What is BIRCH?

Data MiningDatabaseData Structure

BIRCH represents Balanced Iterative Reducing and Clustering Using Hierarchies. It is designed for clustering a huge amount of numerical records by integration of hierarchical clustering and other clustering methods including iterative partitioning.

BIRCH offers two concepts, clustering feature and clustering feature tree (CF tree), which are used to summarize cluster description. These structures facilitate the clustering method to achieve the best speed and scalability in huge databases and also create it effective for incremental and dynamic clustering of incoming objects.

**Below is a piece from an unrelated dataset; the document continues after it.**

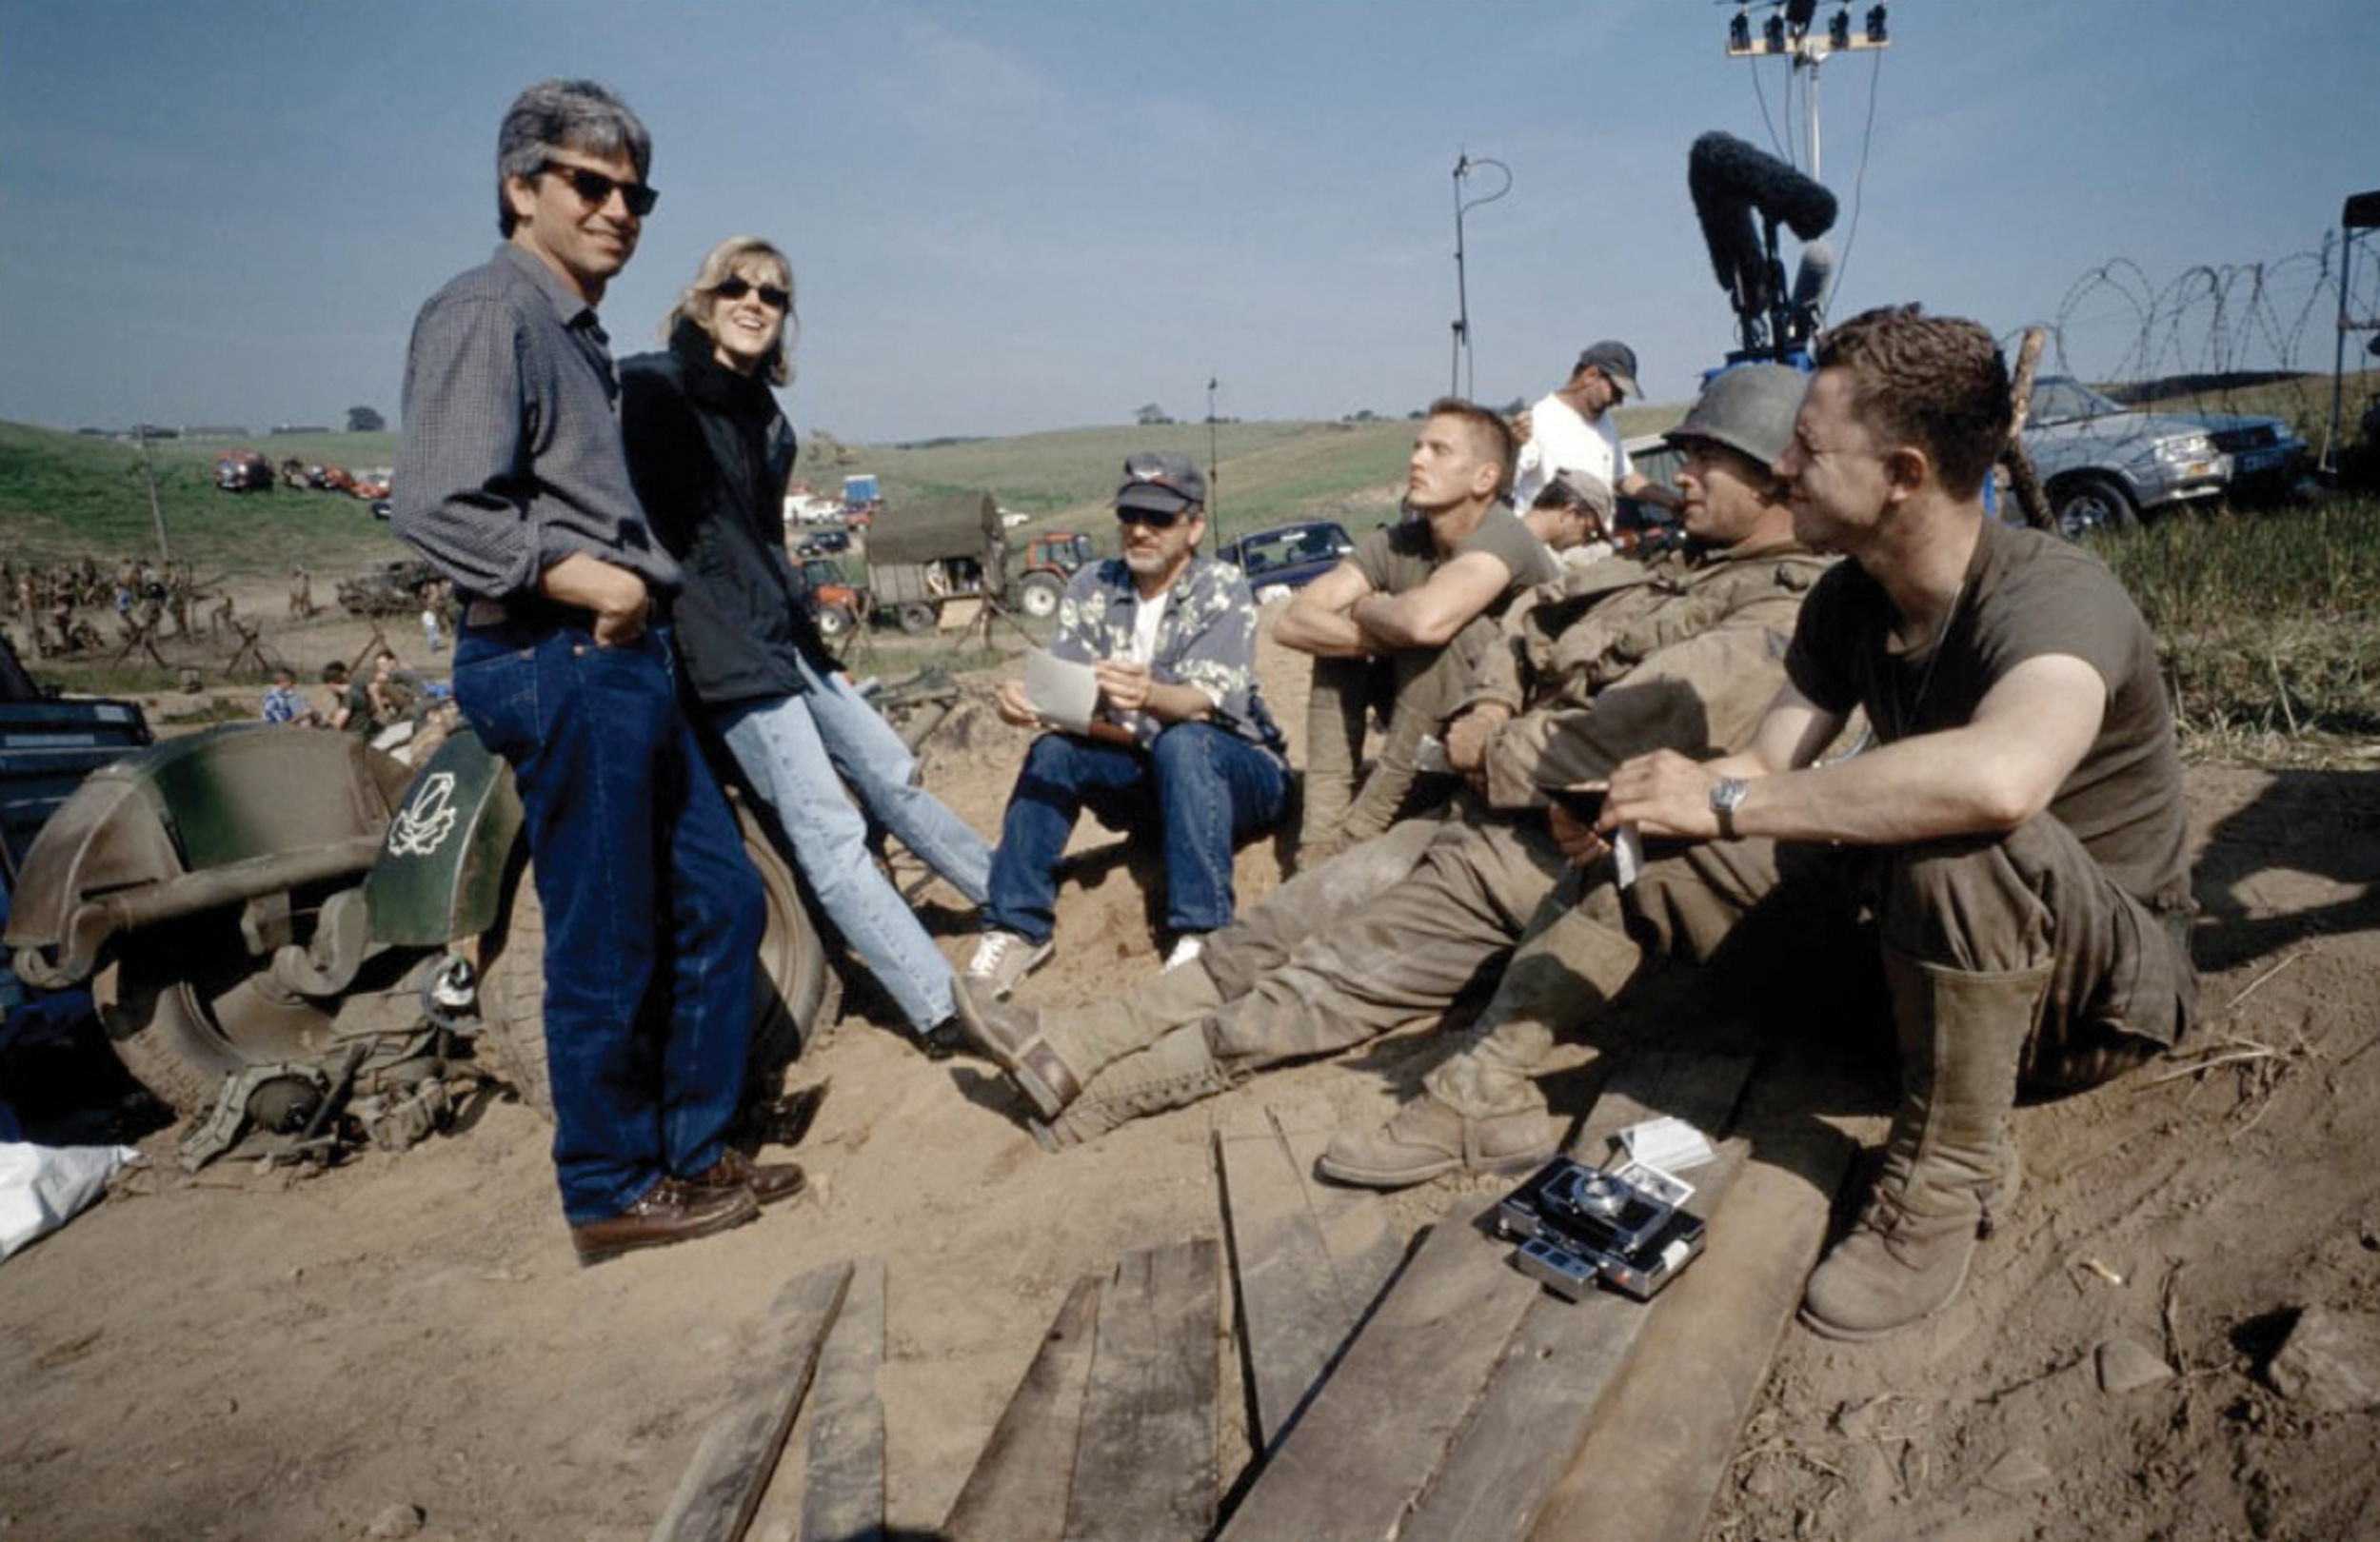 <p>When casting his film, Spielberg said he wanted to cast actors who would look the part. Specifically, he believed that people during World War II looked different than people in the ‘90s. In short, Spielberg wanted the cast to “match the faces I saw on the newsreels" (h/t <a href="https://www.rogerebert.com/interviews/private-spielberg" rel="noopener noreferrer">Roger Ebert</a>).</p><p><a href='https://www.msn.com/en-us/community/channel/vid-cj9pqbr0vn9in2b6ddcd8sfgpfq6x6utp44fssrv6mc2gtybw0us'>Follow us on MSN to see more of our exclusive entertainment content.</a></p>

Given n d-dimensional data objects or points in a cluster, and it can represent the centroid x0, radius R, and diameter D of the cluster as follows −

$$x_{0}=\frac{\sum_{i=1}^{n}x_{i}}{n}$$

$$R=\sqrt{\frac{\sum_{i=1}^{n}(x_{i}-x_{0})^{2}}{n}}$$

$$D=\sqrt{\frac{\sum_{i=1}^{n}\sum_{j=1}^{n}(x_{i}-x_{j})^{2}}{n(n-1)}}$$

where R is the average distance from member elements to the centroid, and D is the average pairwise distance inside a cluster. Both R and D reverse the tightness of the cluster around the centroid. A clustering feature (CF) is a three-dimensional vector summarizing data about clusters of objects. Given n d-dimensional objects or points in a cluster, {xi}, then the CF of the cluster is represented as

CF=(n,LL,SS)

where n is the number of points in the cluster, LS is the linear sum of the n points $\sum_{i=1}^{n}(x_{i})$ ,and SS is the square sum of the data points (i.e.,$\sum_{i=1}^{n}x_{i}^{2}$)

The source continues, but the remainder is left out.